A few weeks ago, we got word [Fran] was being kicked out of her workshop. You might remember [Fran] from her exploits in reverse engineering the launch computer for the Saturn V, her work on replicating the DSKY from an AGC, her visit to the Air & Space Museum annex (so jealous), and her other musical adventures. Why is she getting kicked out? Philly’s getting gentrified, ya jabroinis. Now, there’s a GoFundMe for a new Fran Lab. Go on and ring that bell.

Everyone needs a Sharpie sitting around, so how about one that weighs a pound or so? [MakingStuff] created a new body for a big ‘ol Sharpie marker, complete with knurling. Oh, man, the knurling.

A Powerball ticket costs $2. Last Friday, the expected return on a single Powerball ticket was more than $2. This doesn’t happen often, but last Friday the most logical course of action for everyone was to buy all the Powerball tickets they could.

Boston Dynamics built another dog robot and made it dance to Uptown Funk because we haven’t heard that song enough. No one has listened to Uptown Funk enough times in their life. It’s a great song that never gets old or overplayed.

[Wintergatan] is building a drum machine. You might remember this artisan of plywood from various marble machine builds that also play music. This build goes deep into the techniques of building gigantic mechanical contraptions out of plywood and steel.

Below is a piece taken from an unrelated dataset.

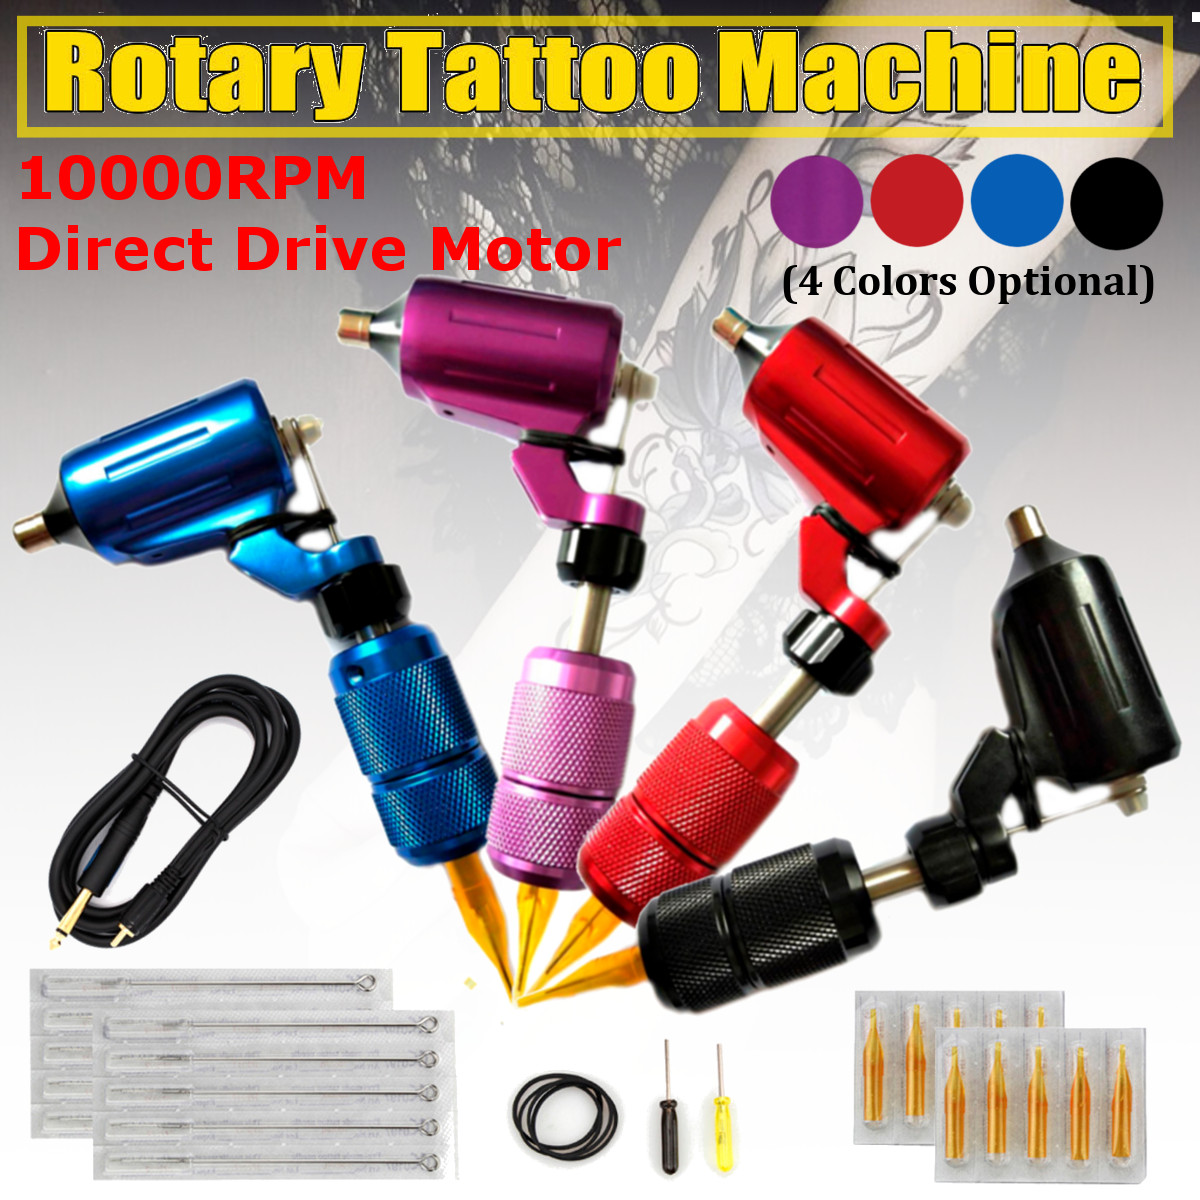 10000RPM-Rotary-Tattoo-Machine-Direct-Drive-Needle-Nozzle-Tips-Supply-Set-1481771

Speaking of plywood, Rockler had a contest a while back to build something out of a single sheet of plywood. [OSO DIY] came up with the most interesting table I’ve ever seen. A lot of the entries into this plywood contest turned the plywood on its end, resulting in something that looks like it’s made out of skateboard decks. [OSO DIY]’s coffee table is no exception; it’s basically just a panel of edge-grain plywood made into a table. Where this gets really good is the actual design of the table. It’s clearly a mid-century modern piece, with threaded inserts holding the legs on. However, instead of something that was pressed out of a factory, this table just exudes an immense amount of manual labor. It’s a counterpoint between craftsmanship and minimalist design rendered in plywood and by far one of the most interesting pieces of furniture made in the last few years. Here are some more entries that also capitalize on edge-grain plywood

Turning The Deep Note Into A Game

One of the most famous pieces of computer-generated music is the Deep Note, the audio trademark for THX. It begins with a dozen or so voices, randomly tuned between 200 and 400 Hz, then glissandos to a frequency spread of three octaves. Put that through a few thousand watts of a speaker system, play it before Jedi, and the audience will be listening.

The original THX Deep Note was created on hundreds of thousands of dollars worth of hardware running 20,000 lines of code, but that was in 1983. Now we have cheap microcontrollers, so of course, you can now fit the Deep Note in your pocket. You can even make it a game. That’s exactly what [Bob] did with his Deep Synth. It’s the Deep Note, in a Game Boy-ish format.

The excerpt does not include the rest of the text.